Let me know if you'd like me to submit a patch for this. I think it's as simple as just adding those 2 lines I wrote above to the remote auth middleware.

[arthanson]

@llamafilm I can assign to you if you want to work on a PR for this?

[llamafilm]

Yes please assign to me

[jnovinger]

Hey @llamafilm , I was assigned to review the PR for this and have been looking at the reported issue. I've come to the conclusion that I don't think it is a valid issue.

For the REST API, NetBox supports 2 kinds of authentication:

• token-based (using Netbox's custom netbox.api.authentication.TokenAuthentication)
• cookie-based (using DRF's rest_framework.authentication.SessionAuthentication).
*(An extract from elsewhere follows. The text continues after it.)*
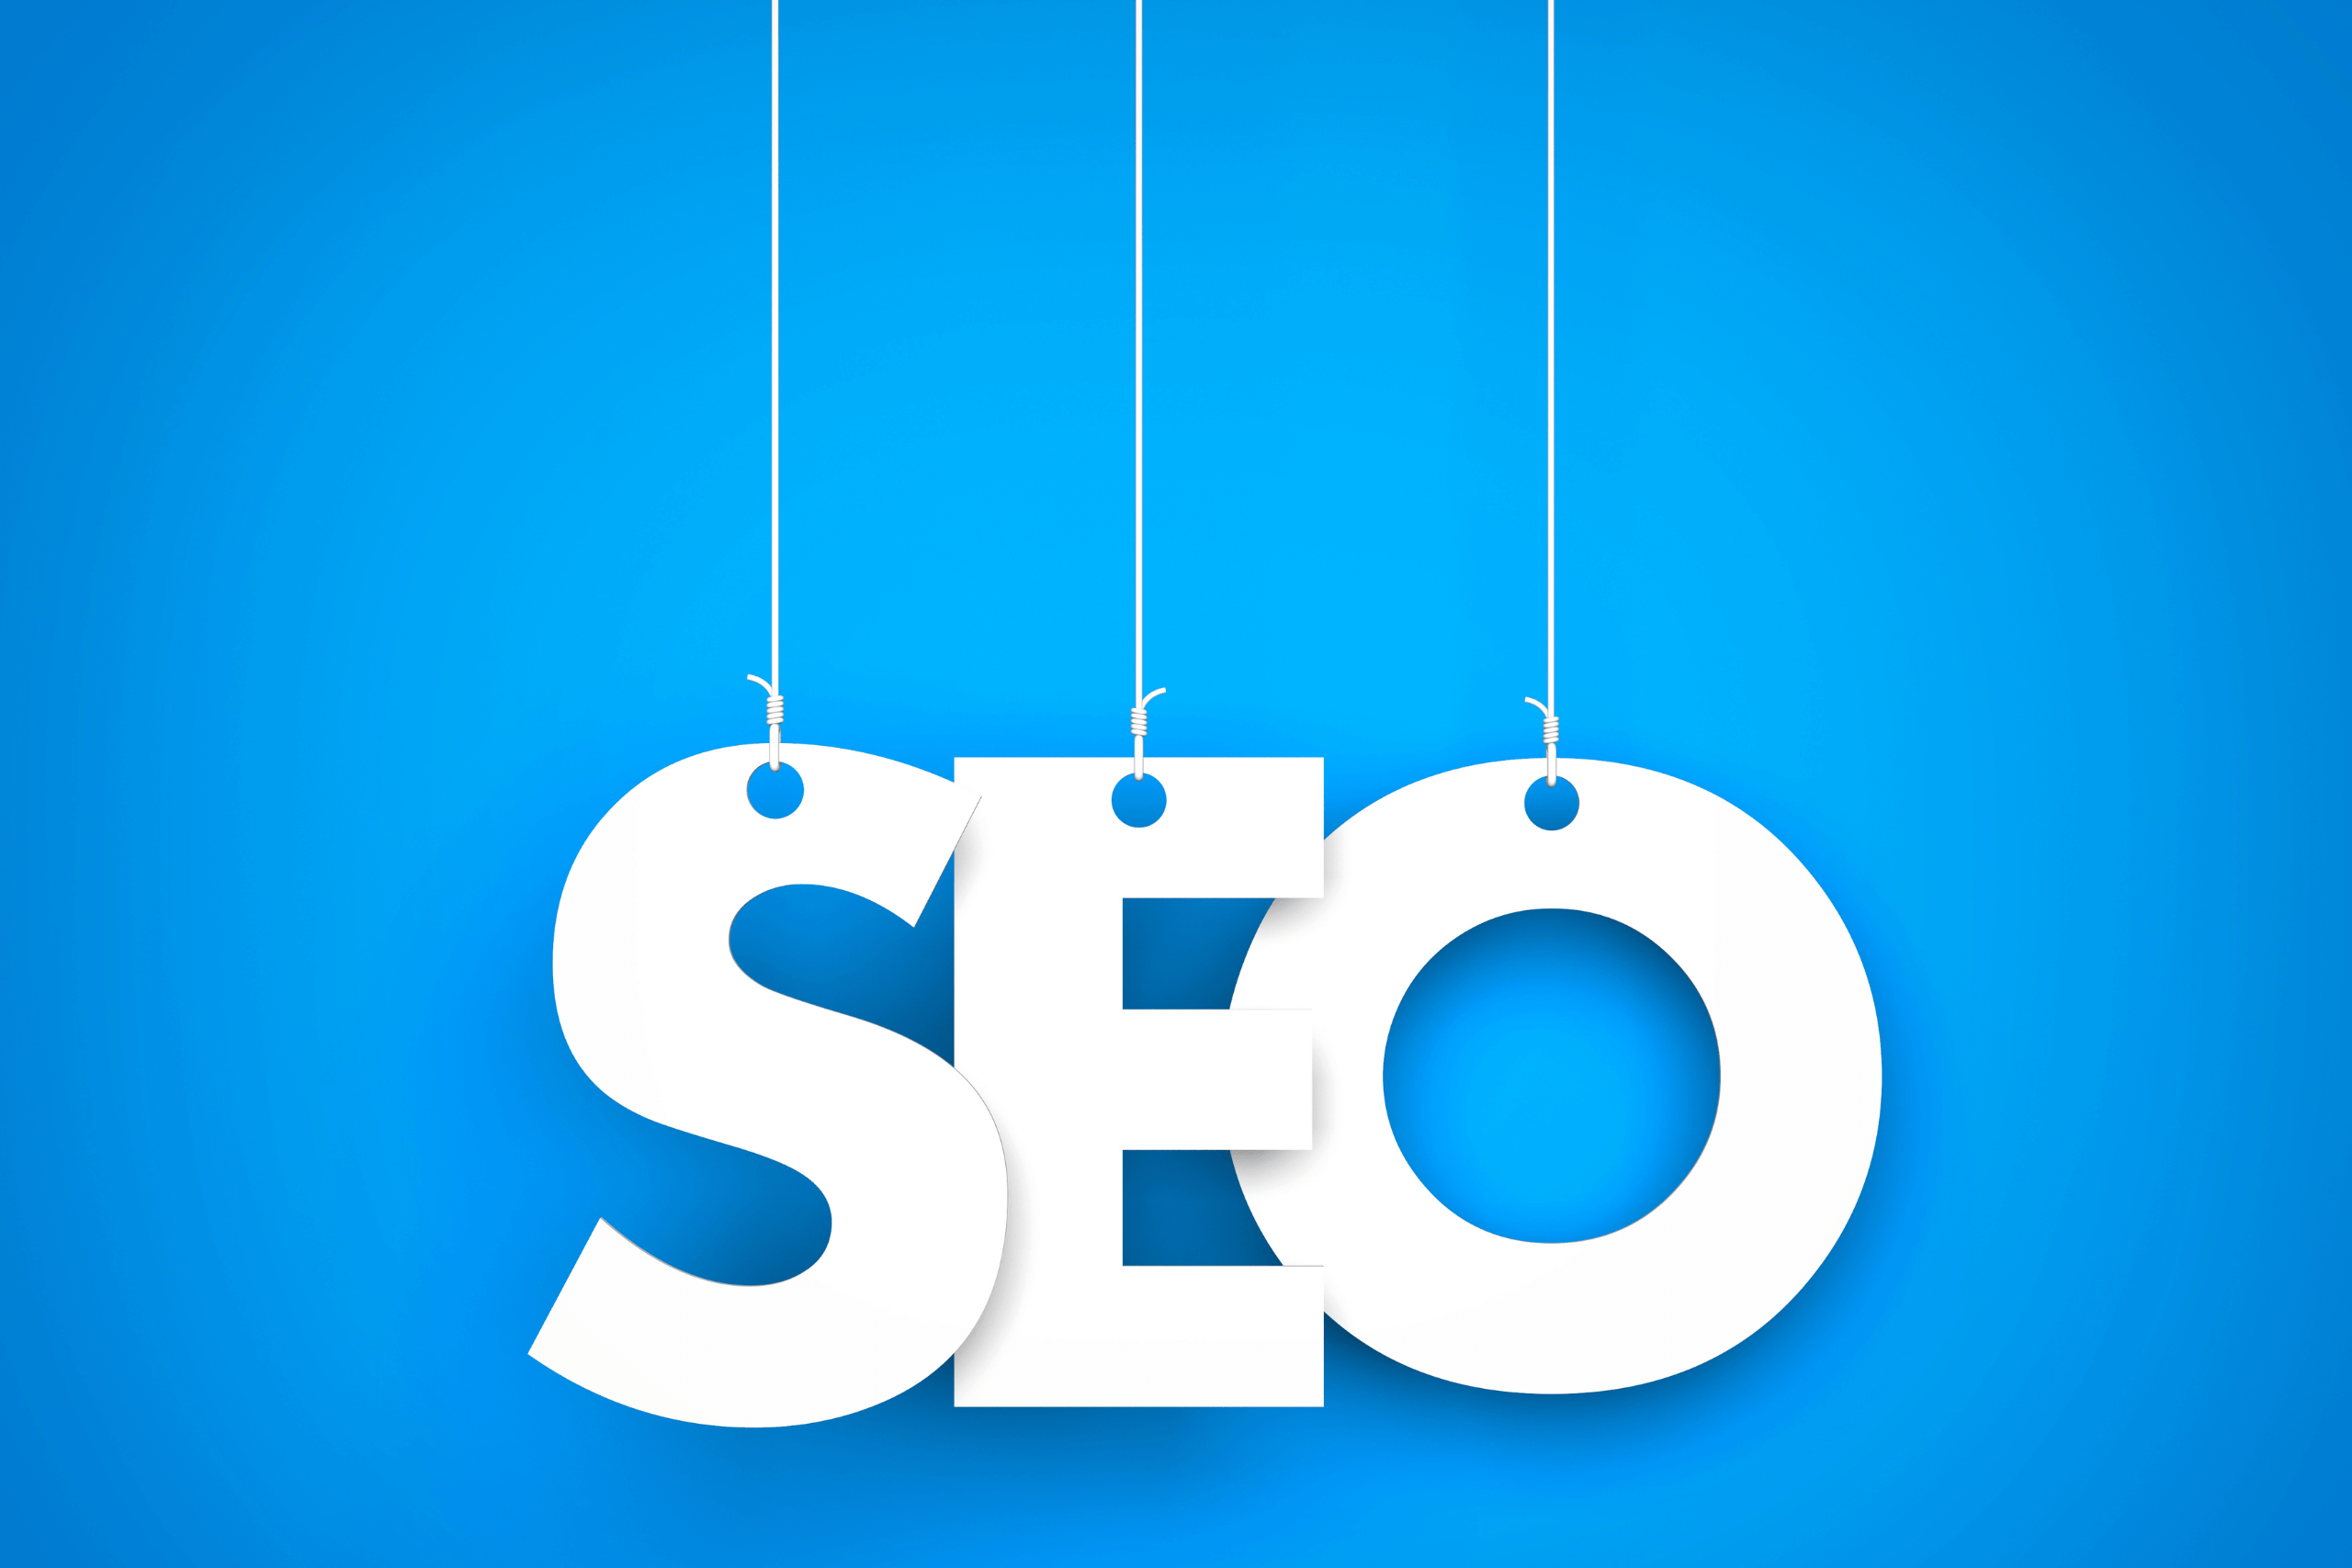 SEO agency in Chelmsford: the key aspects of SEO

Note that Remote User Auth is not listed as a supported mechanism.

I've gathered from your curl example that this is not attempting to use token-based authentication, so if we expect Remote User Auth (as described above) to work for the example then we must assume that it's meant to use cookie-based authentication. In this case, the DRF docs indicate that session authentication (e.g. cookie-based) needs to include a valid CSRF token for any "unsafe" HTTP method call.

Arthur did point out that you might be trying to use NetBox's ability to read-only from the REST API via the EXEMPT_VIEW_PERMISSIONS setting. However, your curl example includes a -d '{"name": "site1", "slug": "site1"}' payload which implies an unsafe POST operation and must include a valid CSRF token as noted above.

I think the take away here is that your example curl request needs to be using an API token to make the specified POST call.

Please let me know if I've misunderstood the situation.